1 files changed, 47 insertions, 0 deletions

diff --git a/sha1-lookup.c b/sha1-lookup.c
index c4dc55d1f5..2dd851598a 100644
--- a/sha1-lookup.c
+++ b/sha1-lookup.c
@@ -204,7 +204,54 @@ int sha1_entry_pos(const void *table,
 			 * byte 0 thru (ofs-1) are the same between
 			 * lo and hi; ofs is the first byte that is
 			 * different.
+			 *
+			 * If ofs==20, then no bytes are different,
+			 * meaning we have entries with duplicate
+			 * keys. We know that we are in a solid run
+			 * of this entry (because the entries are
+			 * sorted, and our lo and hi are the same,
+			 * there can be nothing but this single key
+			 * in between). So we can stop the search.
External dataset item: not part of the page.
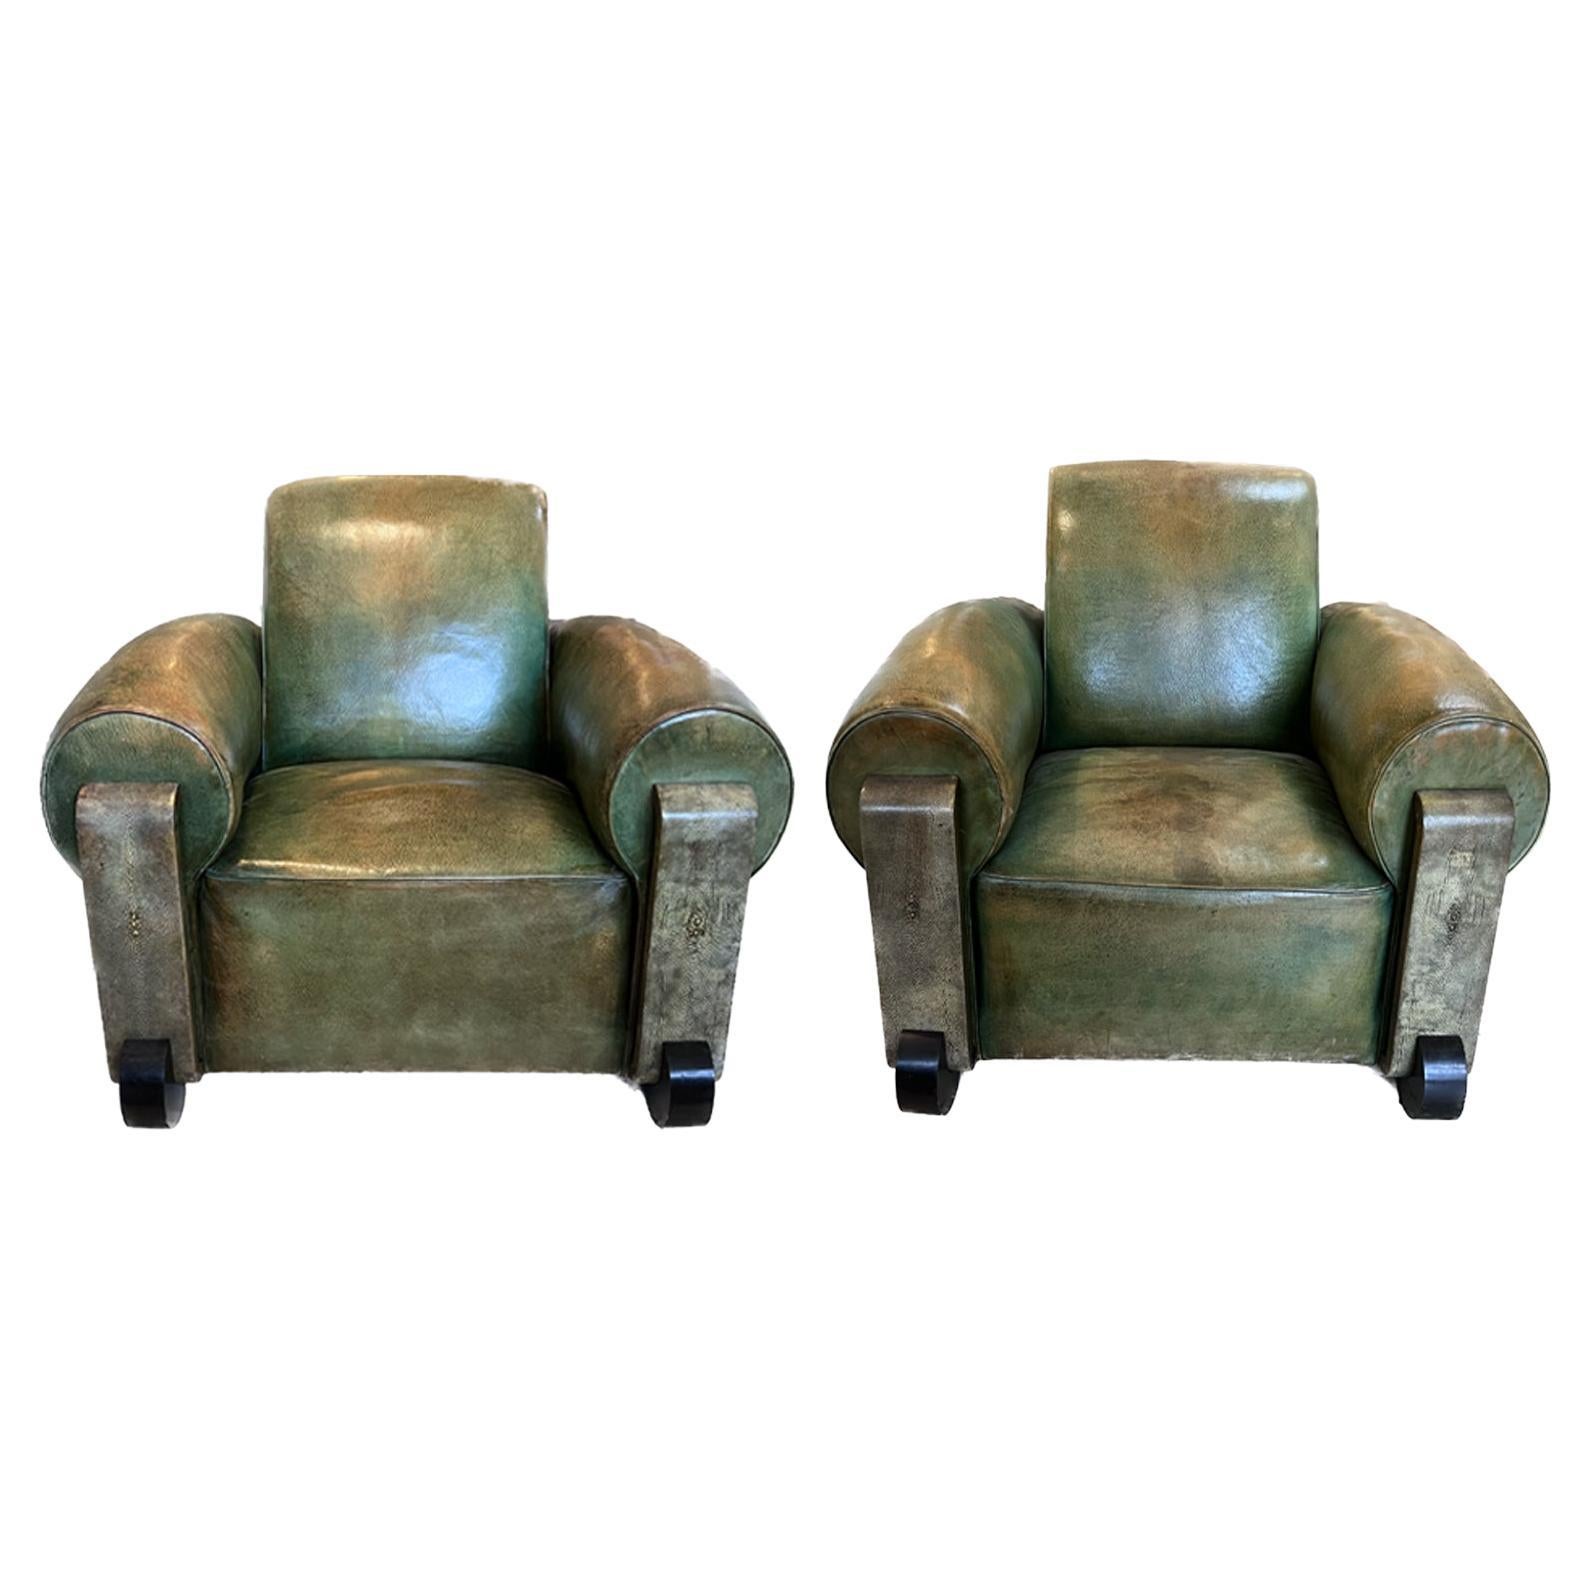 Pair of French Art Deco Leather/Stingray Chairs

+			 * Either one of these entries is it (and
+			 * we do not care which), or we do not have
+			 * it.
+			 *
+			 * Furthermore, we know that one of our
+			 * endpoints must be the edge of the run of
+			 * duplicates. For example, given this
+			 * sequence:
+			 *
+			 *     idx 0 1 2 3 4 5
+			 *     key A C C C C D
+			 *
+			 * If we are searching for "B", we might
+			 * hit the duplicate run at lo=1, hi=3
+			 * (e.g., by first mi=3, then mi=0). But we
+			 * can never have lo > 1, because B < C.
+			 * That is, if our key is less than the
+			 * run, we know that "lo" is the edge, but
+			 * we can say nothing of "hi". Similarly,
+			 * if our key is greater than the run, we
+			 * know that "hi" is the edge, but we can
+			 * say nothing of "lo".
+			 *
+			 * Therefore if we do not find it, we also
+			 * know where it would go if it did exist:
+			 * just on the far side of the edge that we
+			 * know about.
 			 */
+			if (ofs == 20) {
+				mi = lo;
+				mi_key = base + elem_size * mi + key_offset;
+				cmp = memcmp(mi_key, key, 20);
+				if (!cmp)
+					return mi;
+				if (cmp < 0)
+					return -1 - hi;
+				else
+					return -1 - lo;
+			}
+
 			hiv = hi_key[ofs_0];
 			if (ofs_0 < 19)
 				hiv = (hiv << 8) | hi_key[ofs_0+1];